Queer (Luca Guadagnino, 2024). Adapting the work of William S. Burroughs to the screen is a losing battle, and Luca Guadagnino goes down in fiery defeat. With a script by Justin Kuritzkes, who also penned Guadagnino’s Challengers, the film adapts Queer, a novella Burroughs wrote in the nineteen-fifties and didn’t publish until the nineteen-eighties. William Lee (Daniel Craig) is a boozy, American writer living in Mexico City in the early fifties. He spends most of his time patrolling his favorite seedy spaces for a handsome fella to hook up with. The most intriguing potential paramour is Eugene (Drew Starkey), a young military man who runs hot and cold as William courts him. Craig has his moments in the role, but the performance is all over the place: sometimes internalized and subtle, sometimes so broad it plays footsie with cartoonish parody, and sometimes confused and at direct odds with the tone and tenor of everyone else in the scene. That discordance could be deliberate, a cinematic method for mirroring the fragmentary language of Burroughs. Instead, Queer comes across as messy, unfocused, and unconvincing, especially in the later passages that involve a quest through the jungle to retrieve some storied natural psychoactive drugs. Guadagnino keeps upping the trippy visual trickery until the closing scenes indulge in JV David Lynch posturing.

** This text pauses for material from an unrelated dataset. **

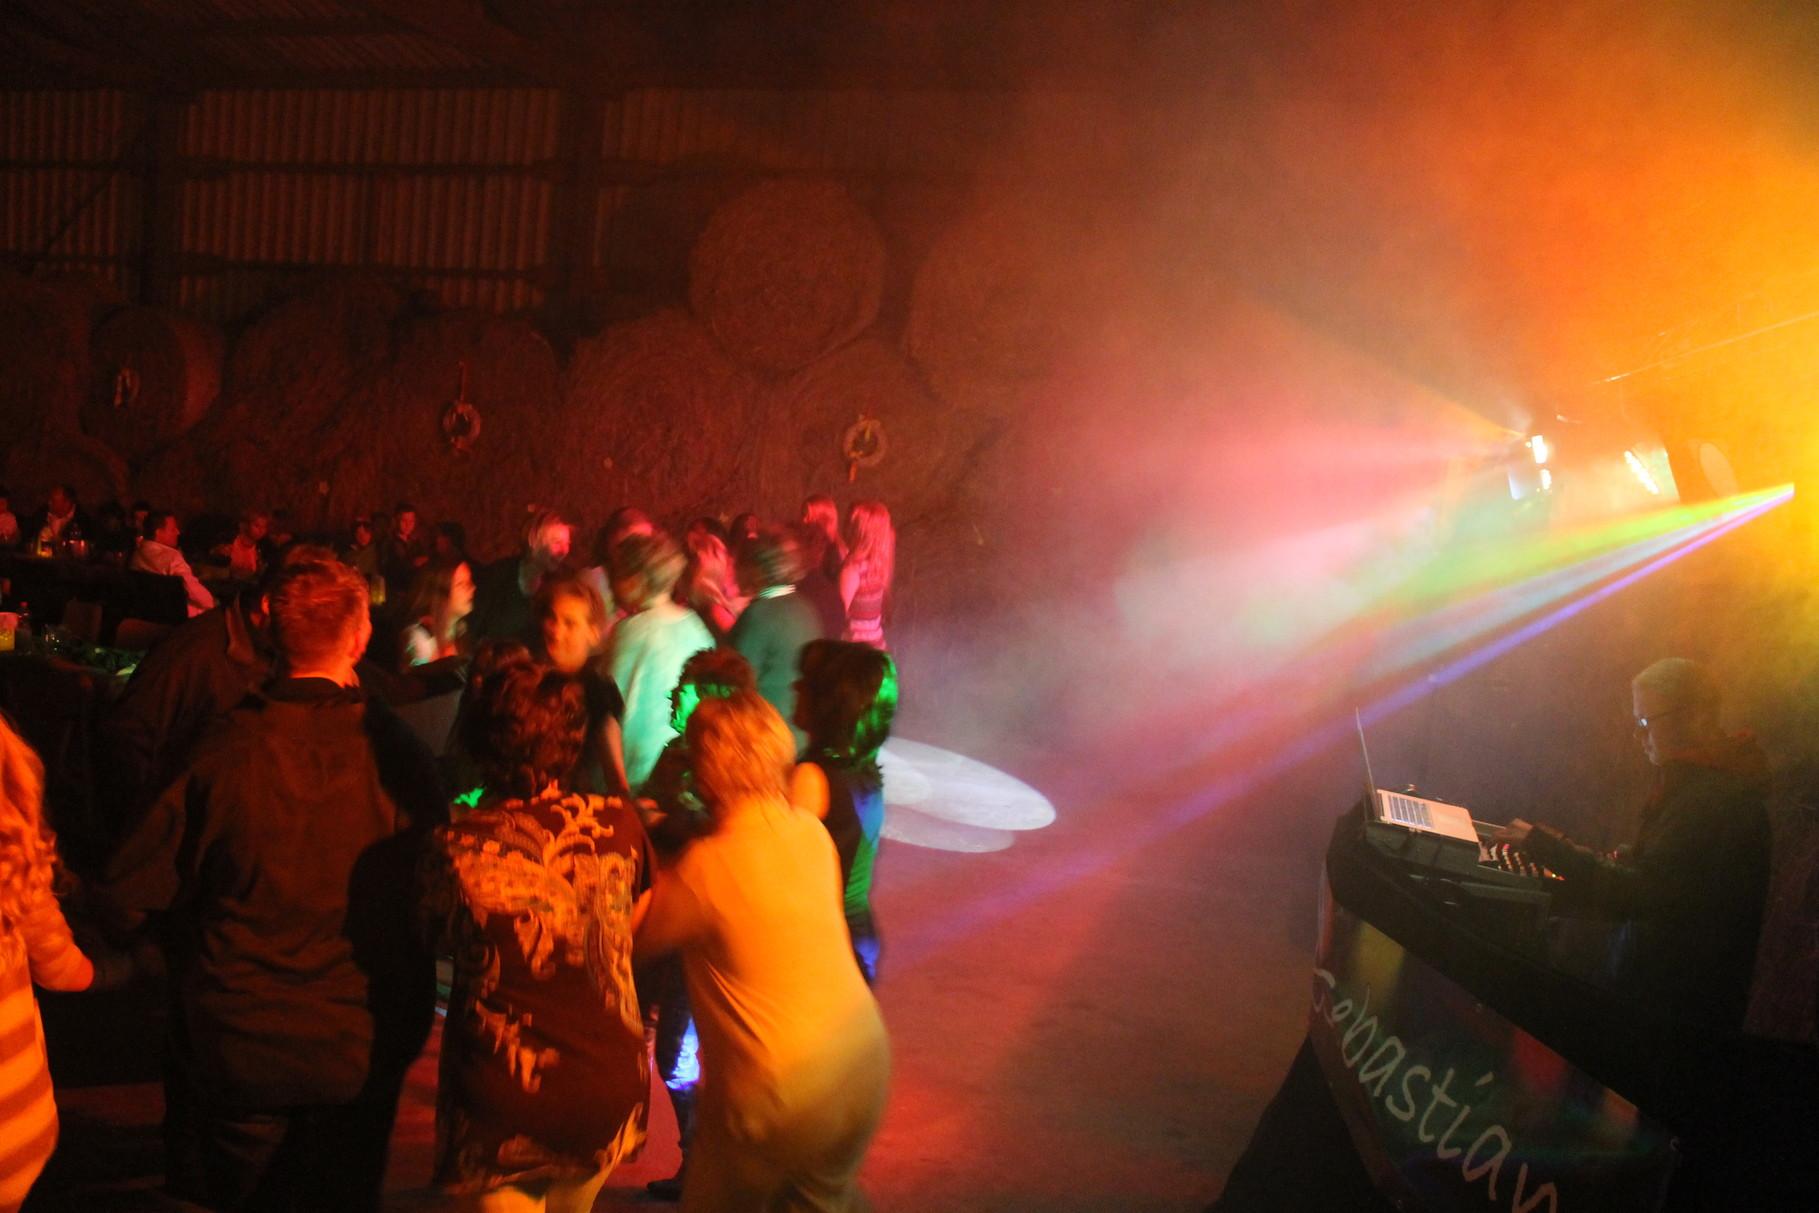 So könnte das Licht und die Stimmung auf Ihrer Party aussehen.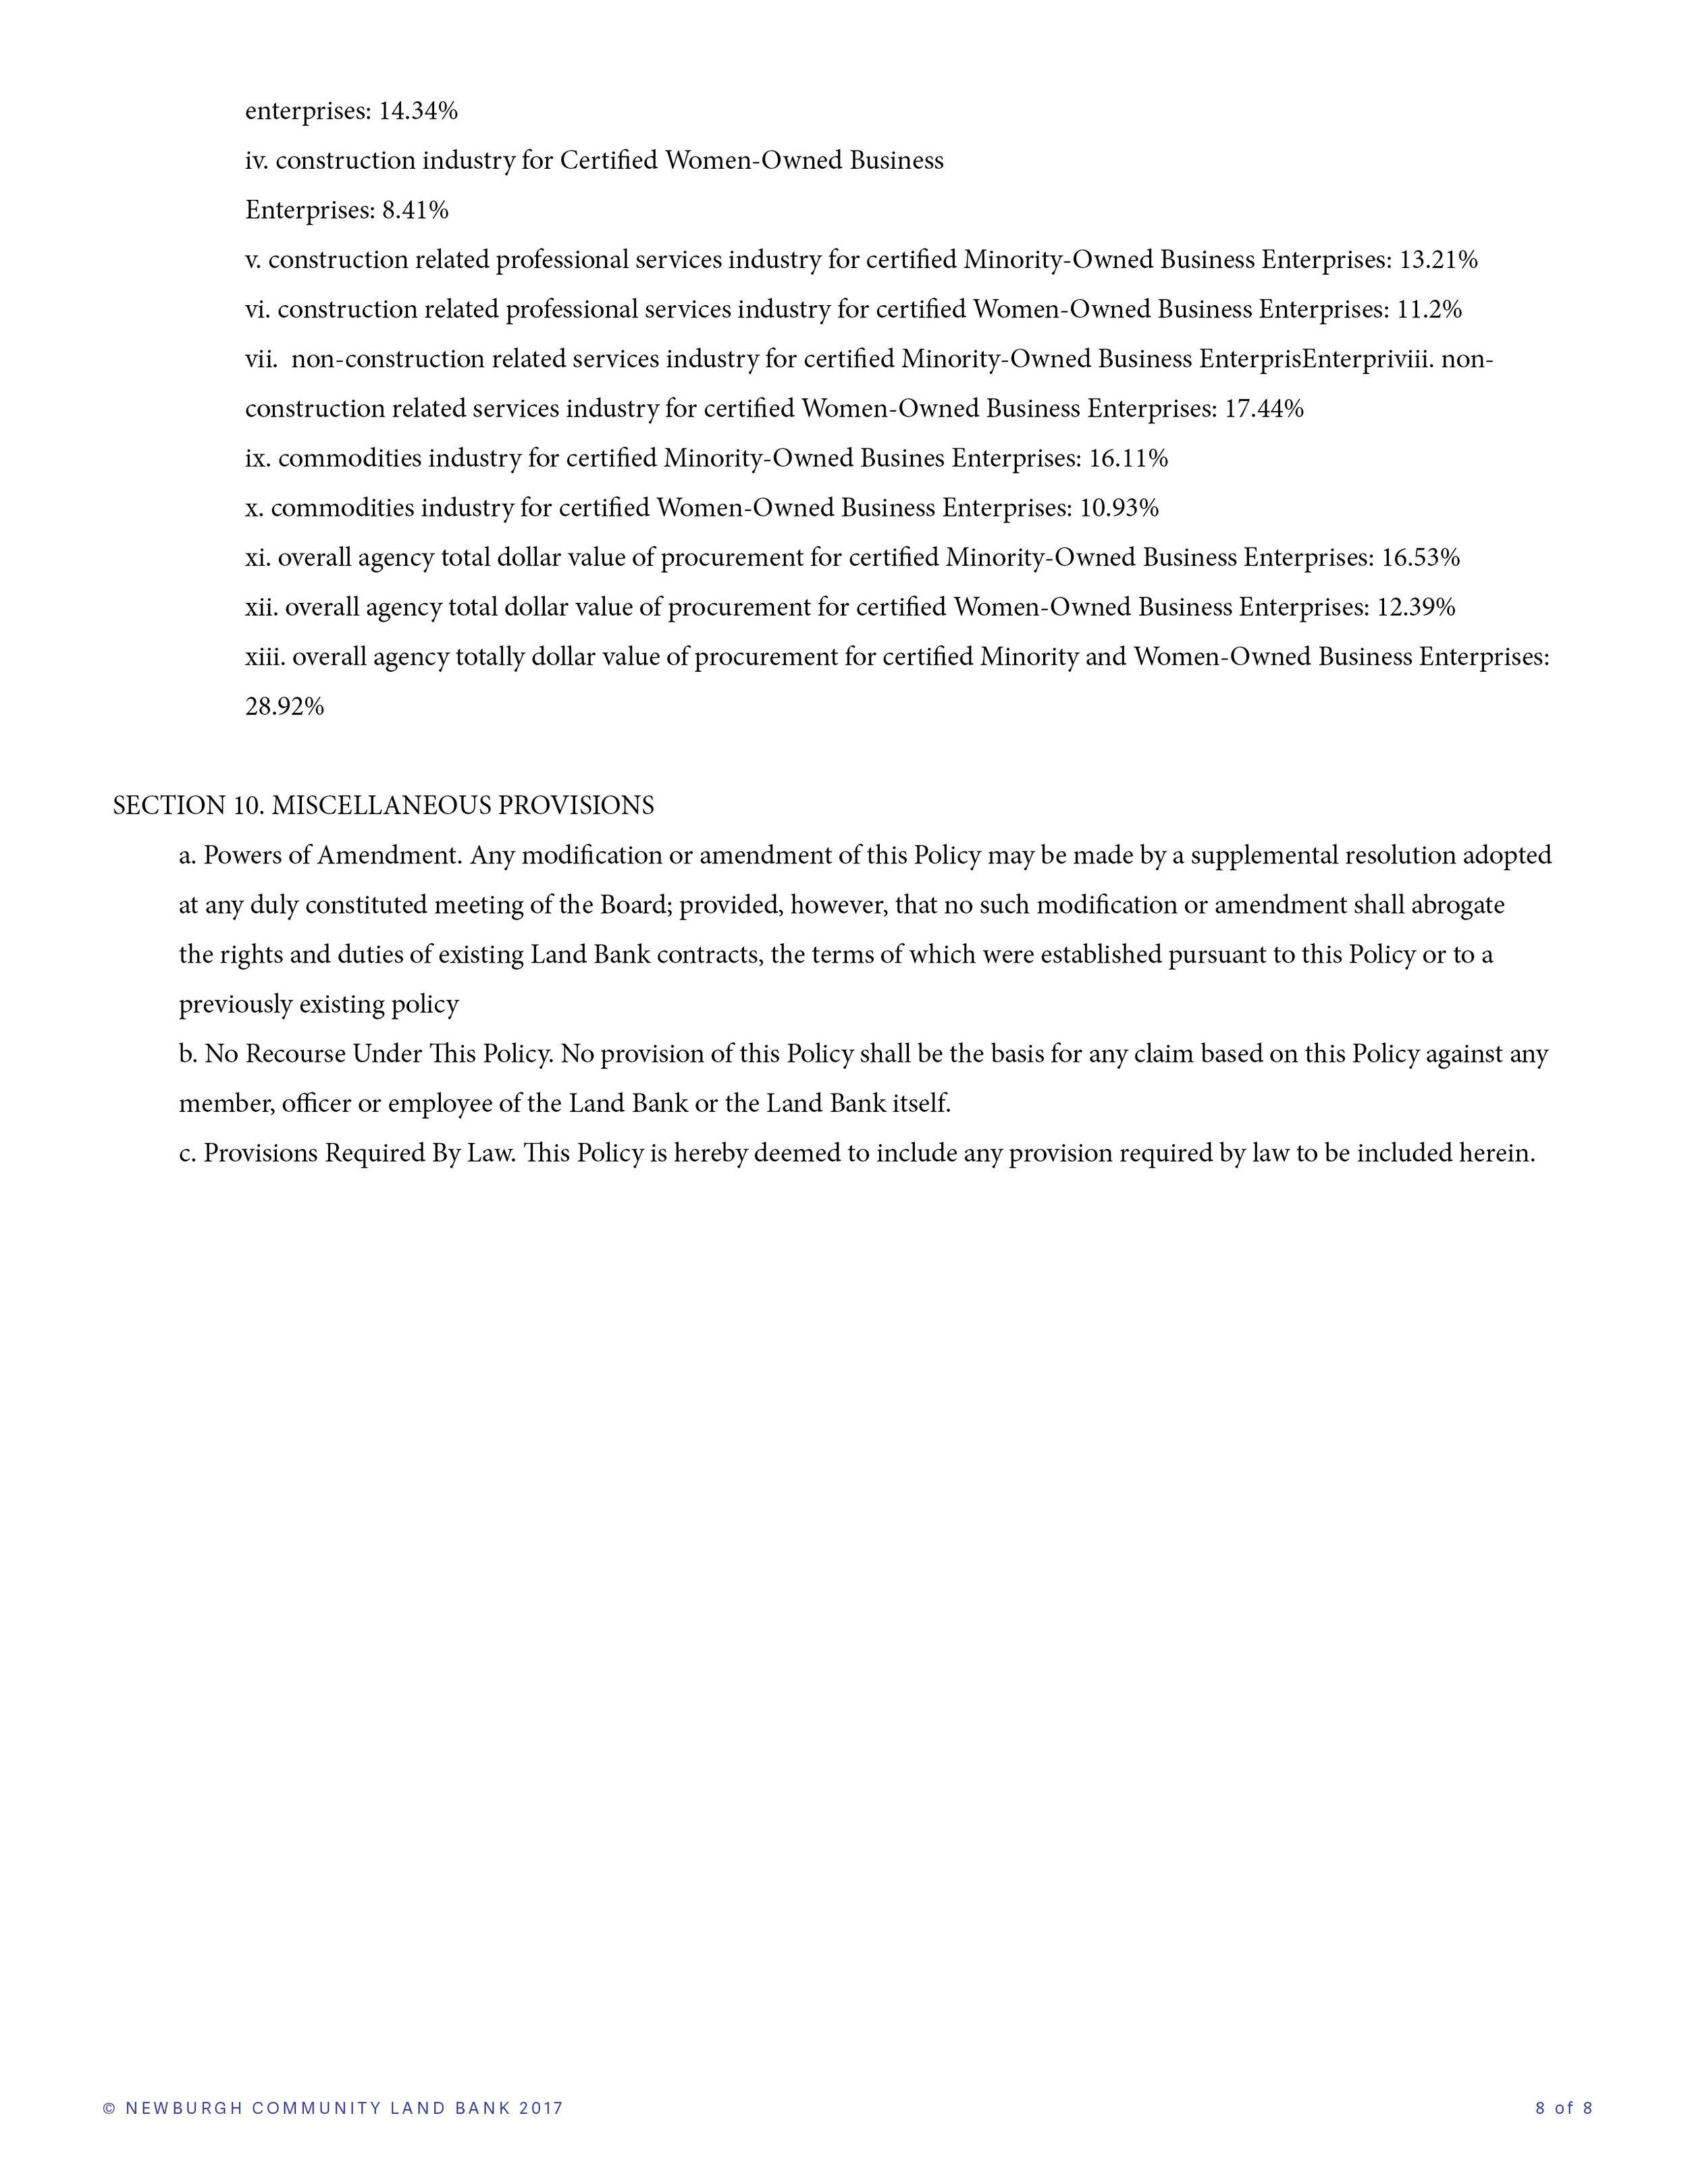 NCLB Procurement Policy8.jpg

Lee (Ellen Kuras, 2024). Kate Winslet is very strong as revered World War II photographer and correspondent Lee Miller in this biopic that concentrates on her years edging ever closer to the front lines of the global conflict. Ellen Kuras’s direction is solid and clear, which sometimes has the unfortunate effect of emphasizing all the ways that Lee is stiff and standard in so much of its conception and staging. There’s a framing device that is less clever than the filmmakers seem to think it is, and the script is hampered by miserably stilted dialogue. Aside from Winslet, the other actors range from shaky (Alexander Skarsgård) to passable (Andy Samberg) to strangely underused (Marion Cotillard, Josh O’Connor). Still, Miller’s career is worthy of the attention that the film puts on it, and it provides Winslet with the best bigscreen role she’s had in years. Those attributes are worth celebrating.

Evil Does Not Exist (Ryusuke Hamaguchi, 2024). Writer-director Ryusuke Hamaguchi’s follow-up to the stellar Drive My Car is comparatively modest in scale while still proving to be equally impressive in its inventive storytelling and empathetic humanity. In the film, a humble mountain community is fretting over the incursion of a business venture meant to offer glamping experiences to well-heeled tourists. Hamaguchi is steadfastly patient in his storytelling, allowing scenes to play out slowly so that telling details accumulate. In particular, the centerpiece scene at a municipal meeting is a quiet, understated marvel, absolutely gripping in its mundanity. There’s still a certain amount of opaqueness to the work. After so much that’s so plain, the ending of Evil Does Not Exist is potentially distancing in its cryptic qualities. I liked its mildly challenging nature. It comes across as Hamaguchi seeking dialogue with the viewer as he makes his arguments about capitalism eroding both community and nature. Hitoshi Omika gives a nice performance in the film’s lead role, a local handyman who his fellow residents look to for guidance.